= Mary Scott-Bowden =

English hockey and cricket player (b. 1893)

Mary 'Molly' Scott-Bowden (née Logan, b. 1893) was an English hockey and cricket player who contributed to the foundation of the Women's Cricket Association.

She and her husband, Lieutenant-Colonel Jonathan Scott-Bowden, owned the Park Hotel in Colwall, Herefordshire, which they used for horse racing. Mrs Scott-Bowden, the founder of Colwall Ladies' Hockey Club, used the Hotel to host meetings of the Hereford Women's Hockey Association, of which she was vice-chairman.

In 1926, Mrs Scott-Bowden invited members of the All-England Women's Hockey Association to the Park Hotel for a cricketing holiday. In consequence, it was decided to establish an association for women's cricket. The Women's Cricket Association was founded in 1927, with Mrs Scott-Bowden elected to the board alongside her fellow hockey players, chairman Frances Heron-Maxwell and secretary Vera Cox. She and Cox captained teams at the Association's first annual Cricketing Week held at Malvern, Colwall.
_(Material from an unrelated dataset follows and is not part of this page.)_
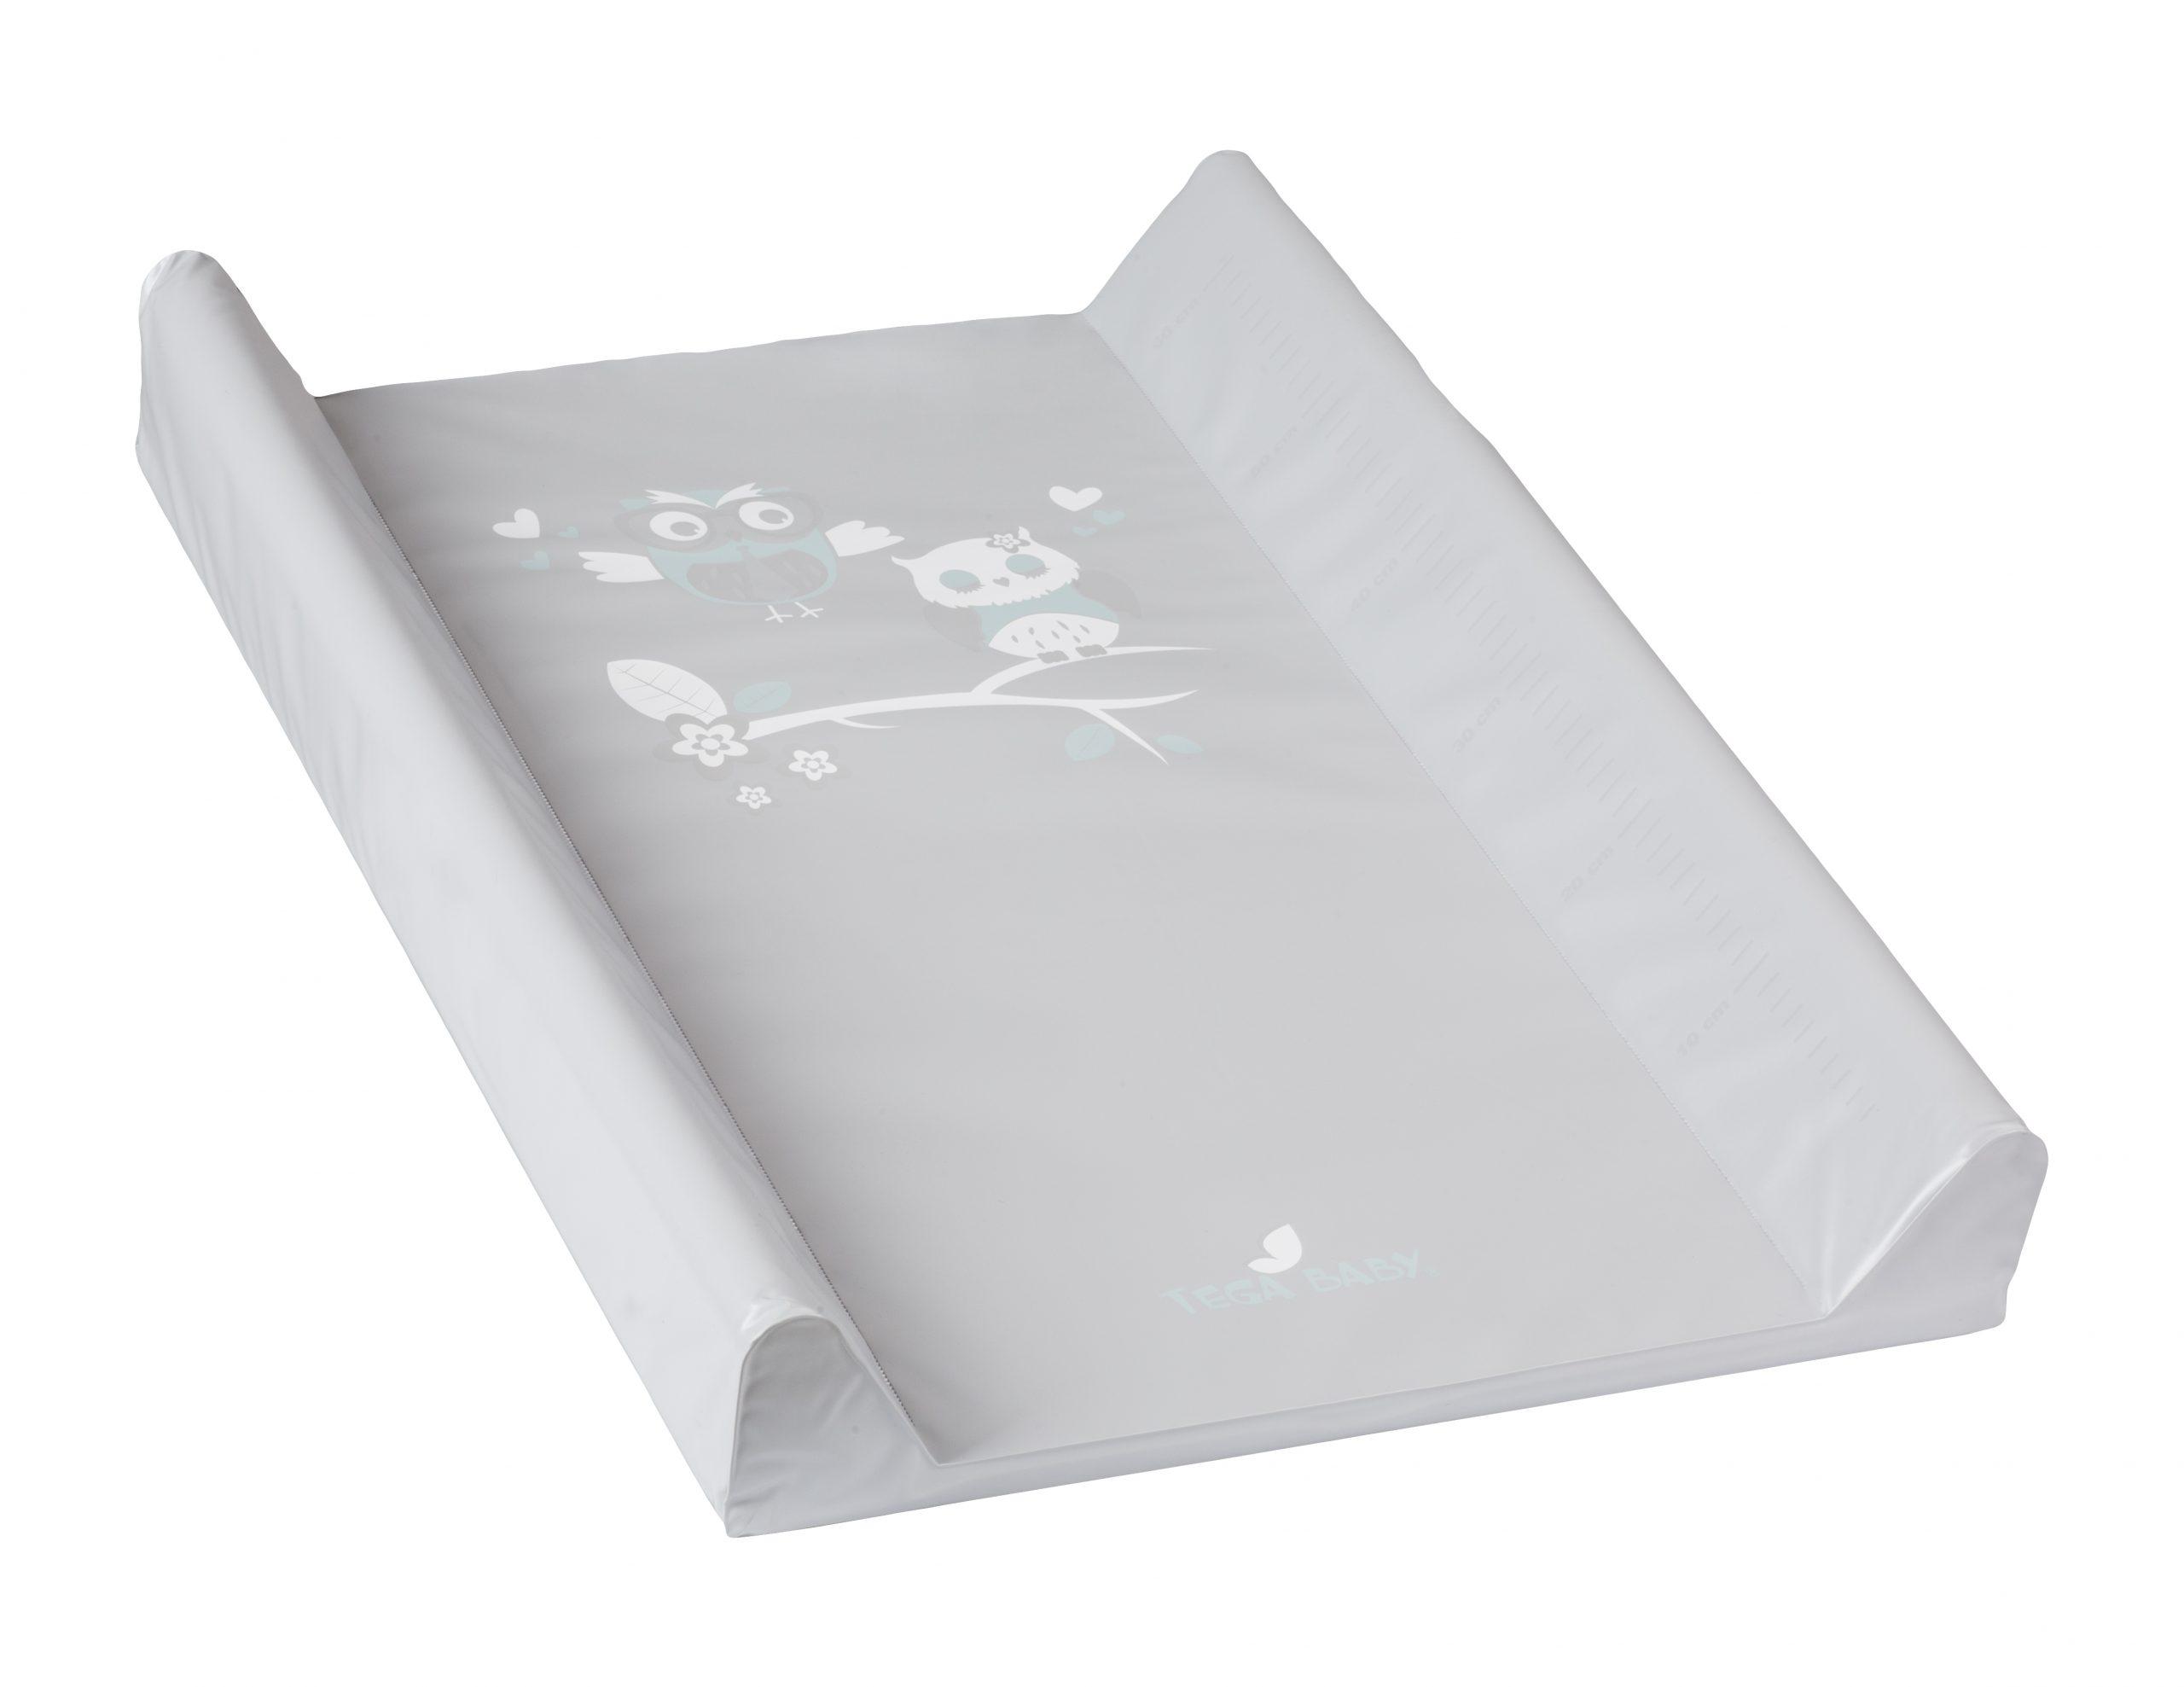 Pārtinamais matracis ar stingro pamatni + stiprinājumi gultiņai (70x50cm) bez.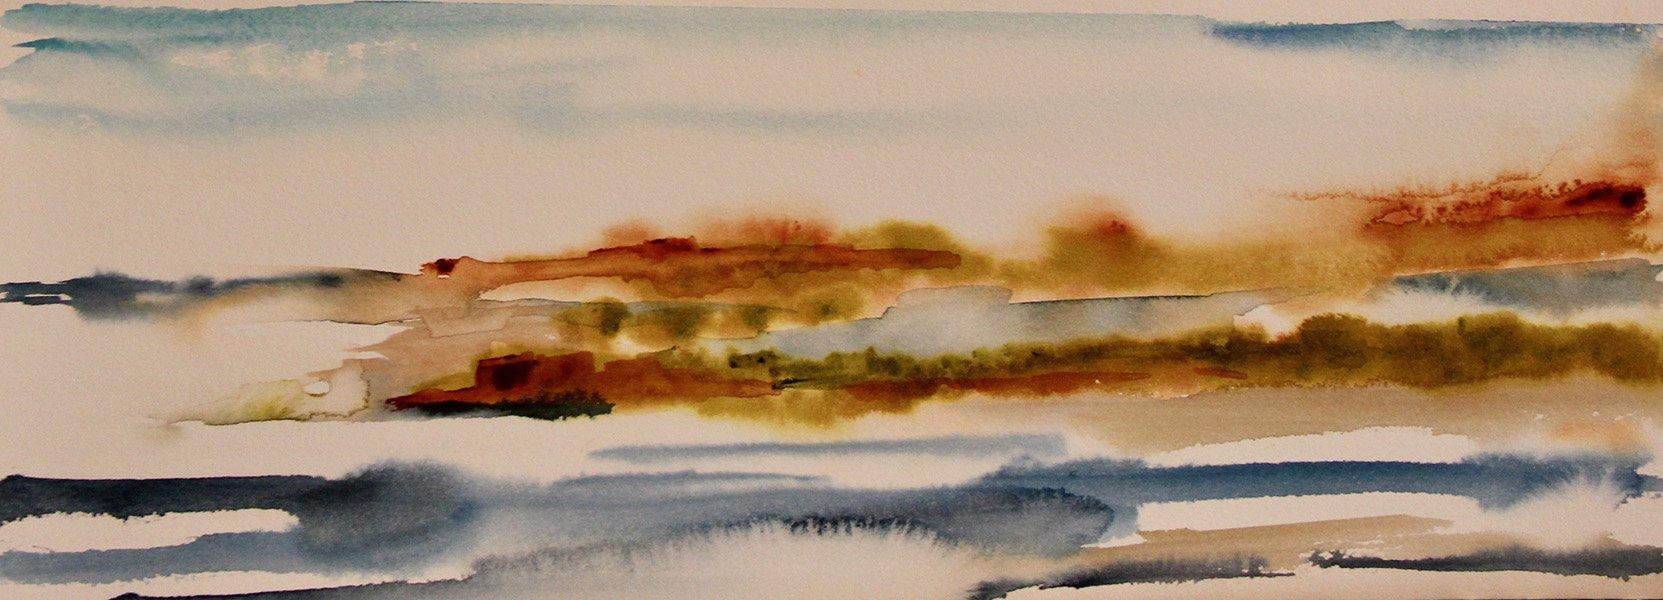 Aube sur le Marais 1<br /> Watercolour on Arches 300gsm<br /> 10 cm x 30 cm

Mrs Scott-Bowden captained the England women's team in the Association's first international match, a two-innings match against Scotland in 1932. She declared on 213 and England were victorious, despite strong performances from Betty Snowball and Myrtle Maclagan, who played for Scotland on that occasion but would go on to represent England in the first international women's Test series against Australia in 1934.

Mrs Scott-Bowden and her husband had one son, Major-General Logan Scott-Bowden.